We do not address Giraldo's claims that the government breached his plea agreement or that he was entitled to a two-level reduction for acceptance of responsibility. This court expressly held on direct appeal that the government did not violate the plea agreement, and that the trial court's denial of the reduction for acceptance of responsibility was not clearly erroneous. Castro, 908 F.2d at 90. A Sec. 2255 motion cannot be employed to relitigate a question which was raised and considered on direct appeal absent exceptional circumstances such as an intervening change in law. See Barton v. United States, 791 F.2d 265, 267 (2d Cir.1986) (per curiam) (collecting cases); Barnett v. United States, 439 F.2d 801, 802-03 (6th Cir.1971) (per curiam). There are no such exceptional circumstances in this case.

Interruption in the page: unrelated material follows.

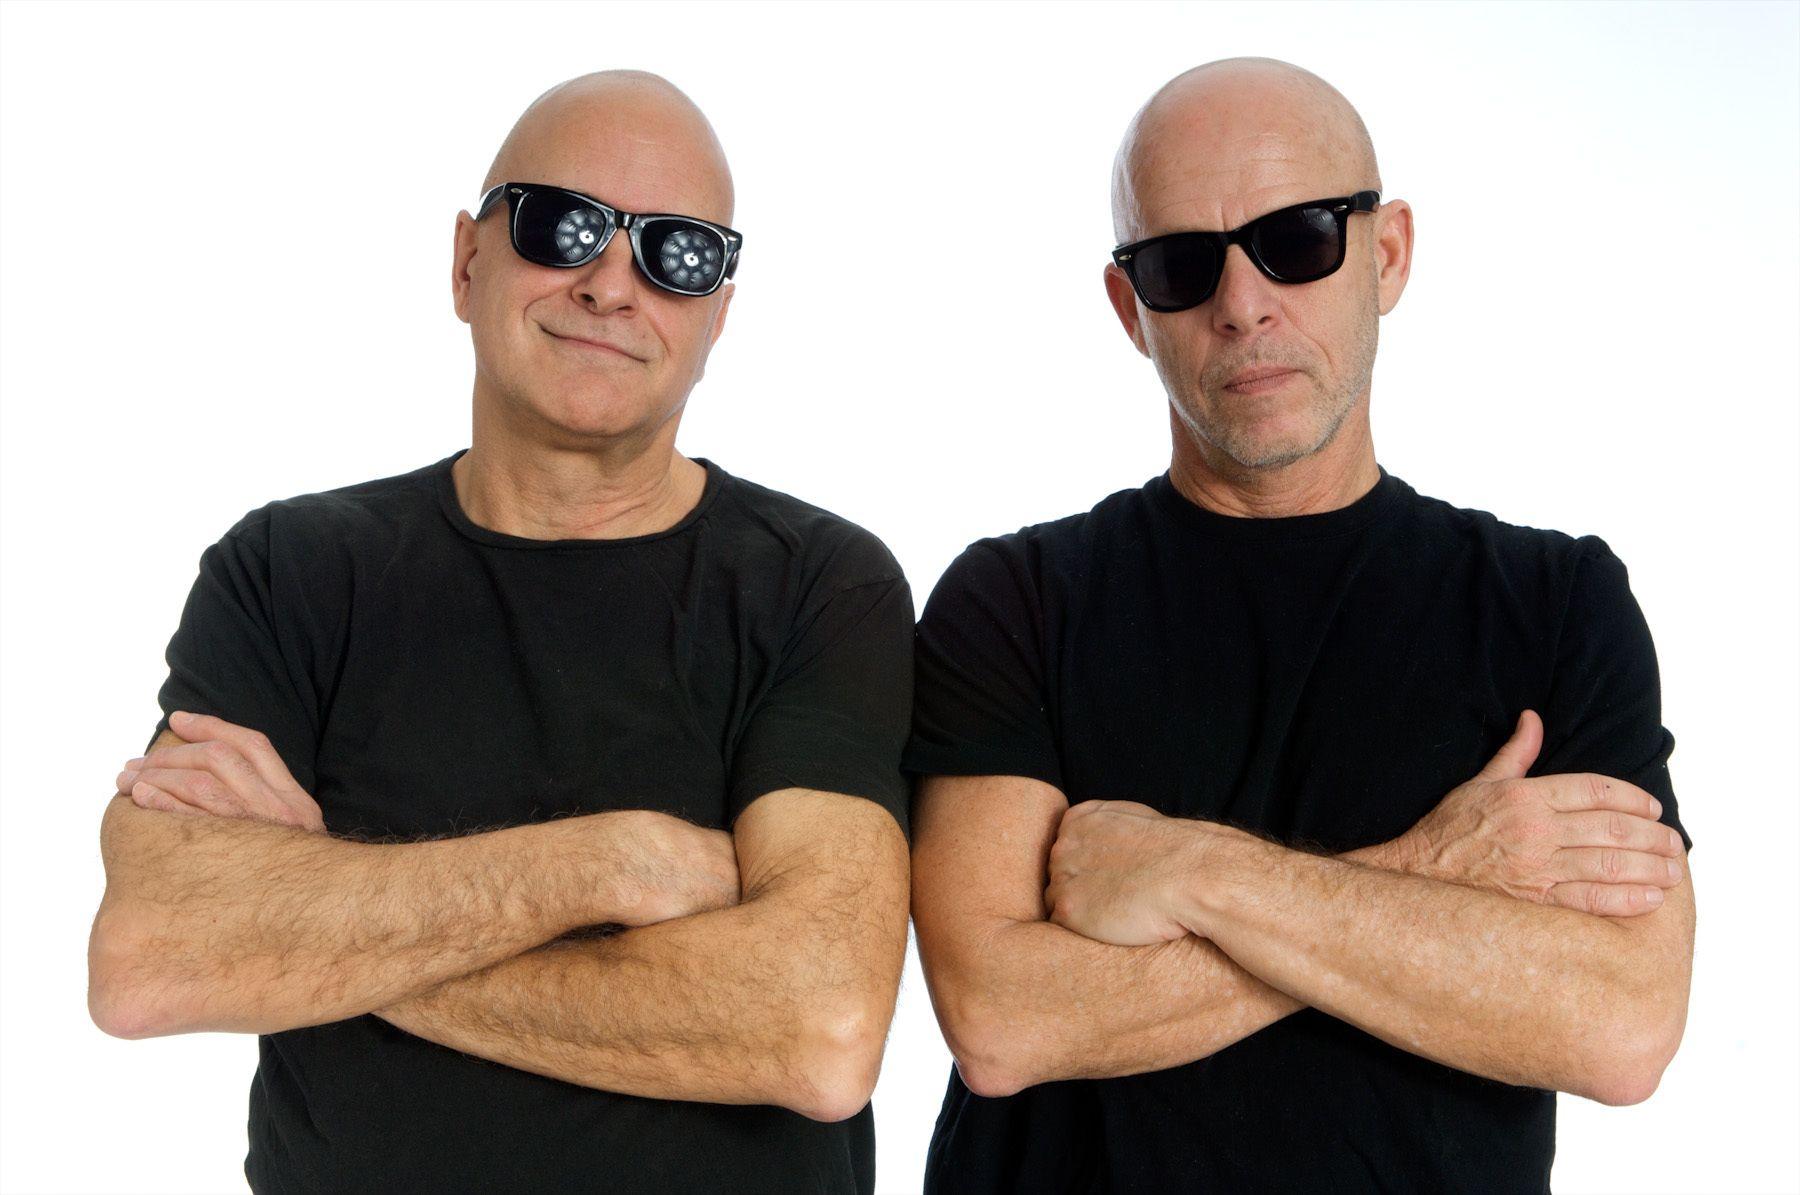 picture of bald men

Further, even if Giraldo were entitled to a two-level reduction under Sec. 3E1.1, he would not be entitled to the additional one-level decrease pursuant to an amendment to the guideline effective November 1, 1992, because that amendment is not retroactively applicable. See United States v. Avila, 997 F.2d 767, 768 (10th Cir.1993); United States v. Dowty, 996 F.2d 937, 938-39 (8th Cir.1993).
Giraldo next argues that he was incorrectly charged with conspiracy and that, in any event, the amount of drugs attributed to him was erroneous. Giraldo was clearly apprised that he was charged with conspiracy to distribute cocaine and, indeed, pleaded guilty under oath to that very charge. He may not now challenge his indictment. In addition, he did not object at sentencing to the PSI, which connected him with at least 99 kilograms of cocaine. Nor did he challenge the drug quantity attributed to him on direct appeal. Consequently, Giraldo has waived this issue. See United States v. Lewis, 991 F.2d 322, 324 (6th Cir.1993); United States v. Walsh, 733 F.2d 31, 34-35 (6th Cir.1984).
Finally, Giraldo has failed to establish ineffective assistance of counsel because he has not shown that counsel's performance was deficient and that there is a reasonable probability that, but for counsel's alleged errors, he would not have pleaded guilty but would have insisted on going to trial. See Hill v. Lockhart, 474 U.S. 52, 59 (1985); Strickland v. Washington, 466 U.S. 668, 687 (1984).
Accordingly, the district court's order, entered on June 30, 1993, is affirmed. Rule 9(b)(3), Rules of the Sixth Circuit.